Two days after the horrific attack on the iconic towers located in the heart of New York City, a first responder searching for bodies discovered two steel beams broken in such a way that they formed an almost perfect cross.
"I was already working 12 hours. I was quite weary and the cross comforted me," said Frank Silecchia, the man who found the cross, according to news reports.
The 20-foot-tall cross was lifted from the rubble and placed in the center of where recovery efforts were being handled. It became a rallying point for first responders and has already been installed in the new museum ahead of its May opening, the Religion News Service reported.

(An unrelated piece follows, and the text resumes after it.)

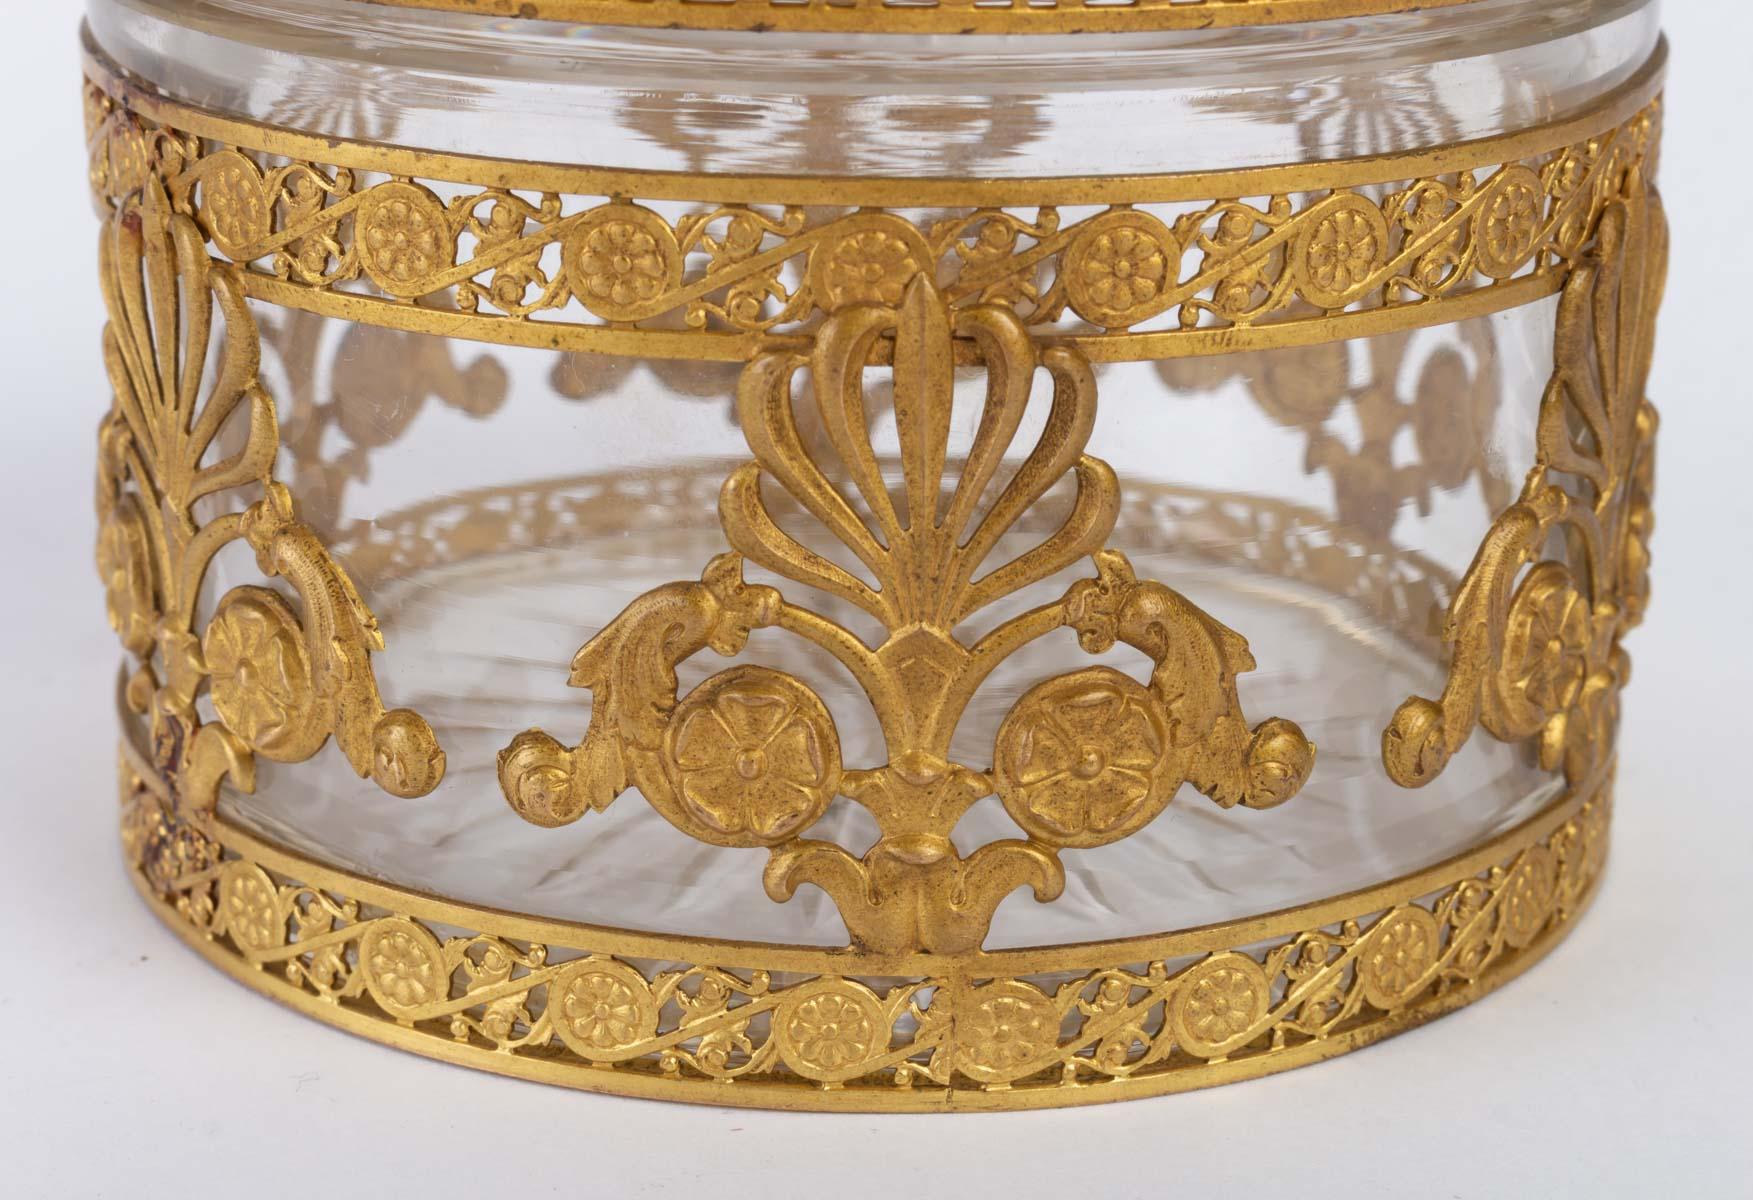 Gilt Crystal Box with Gilded Metal Frame Decorated with Palmettes and Interlacing
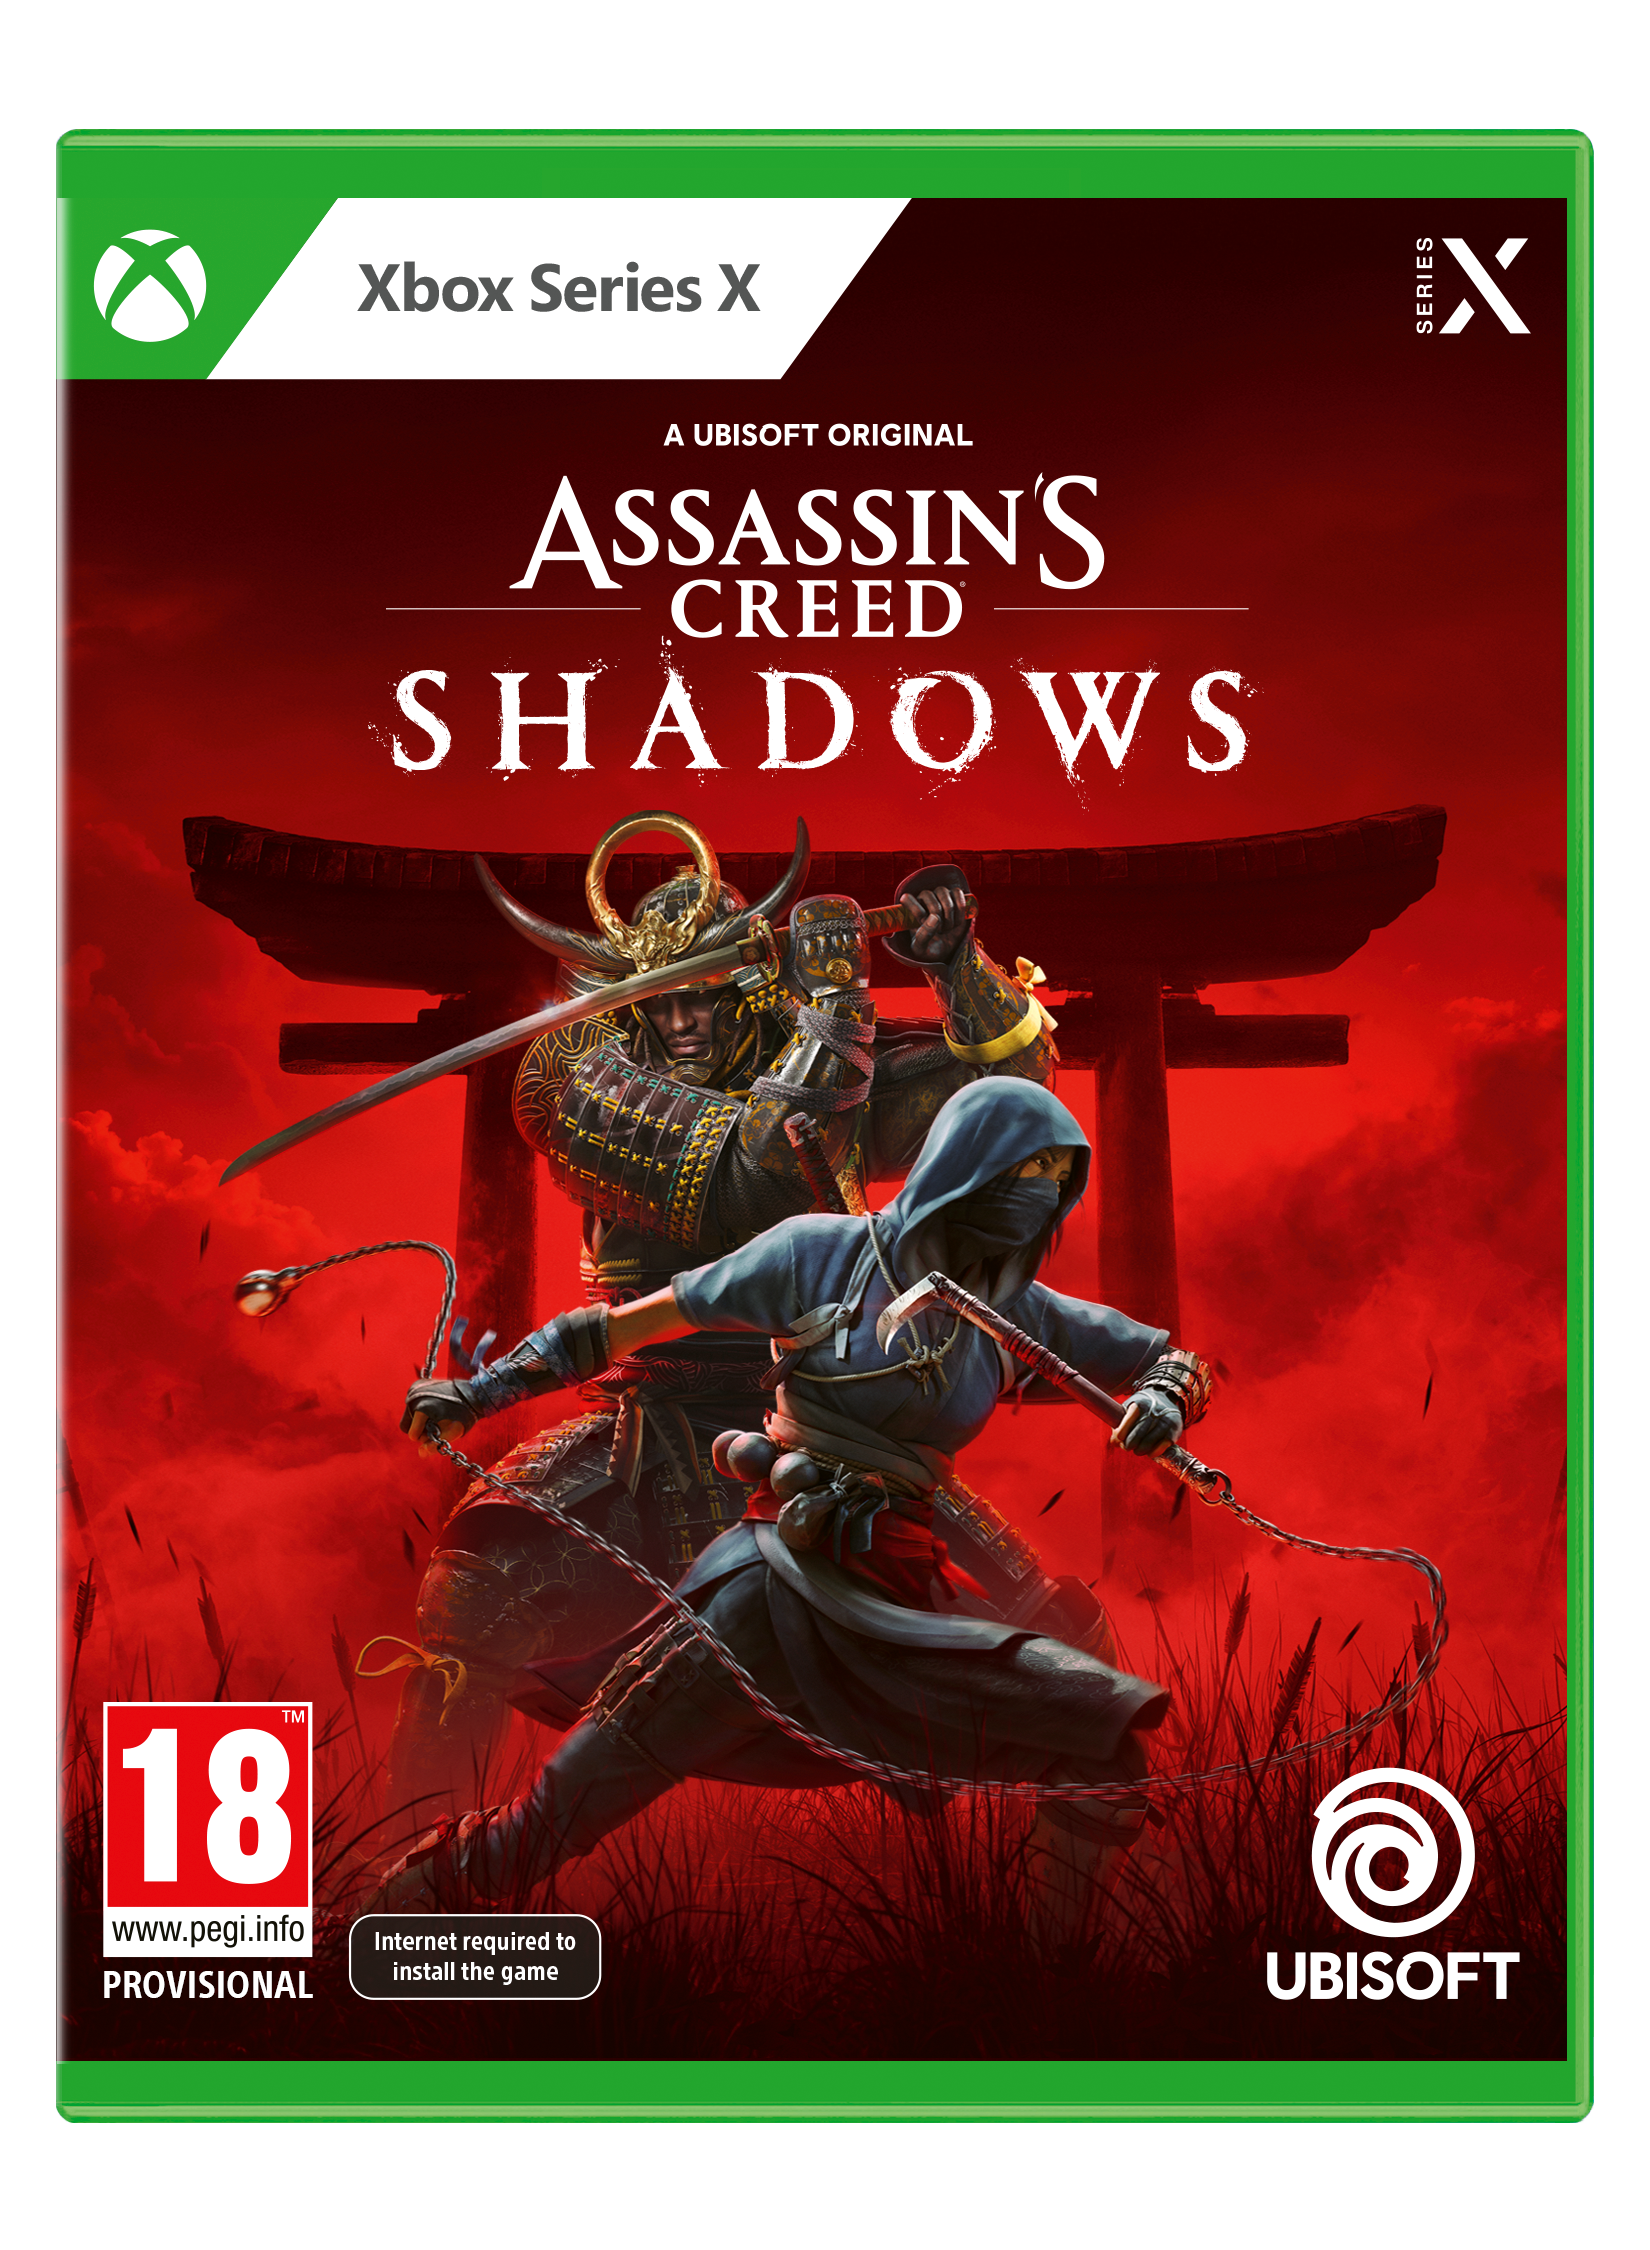 ASSASSINS CREED SHADOWS SPECIAL EDITION (XBSX)

The group American Atheists says, "the cross is a part of religious history and its presence on public property violates the separation of church and state," The Washington Times reported.
The organization's website describes the group as follows: "Since 1963, American Atheists has been the premier organization fighting for the civil liberties of atheists and the total, absolute separation of government and religion."
"We are worried about the alienation being suffered by atheists. This cross screams Christianity, but there were perhaps 500 or 1,000 people who died in this tragedy who were not Christians," Edwin Kagin, the group's national legal director told a New York federal appeals court, according to the Times.
"It's dangerous for this to be in a government-backed display," Kagin added. "This is about an endorsement of Christianity. What is wrong with having a plaque that says atheists died here, too'?" he asked.
With all due respect to Mr. Kagin, his argument is not correct. The cross is not being included in the museum as a memorial to the Christians who perished in the terror attacks. The cross found in the rubble is being included as part of the story of the terror attacks of Sept. 11, 2001, and the recovery that followed.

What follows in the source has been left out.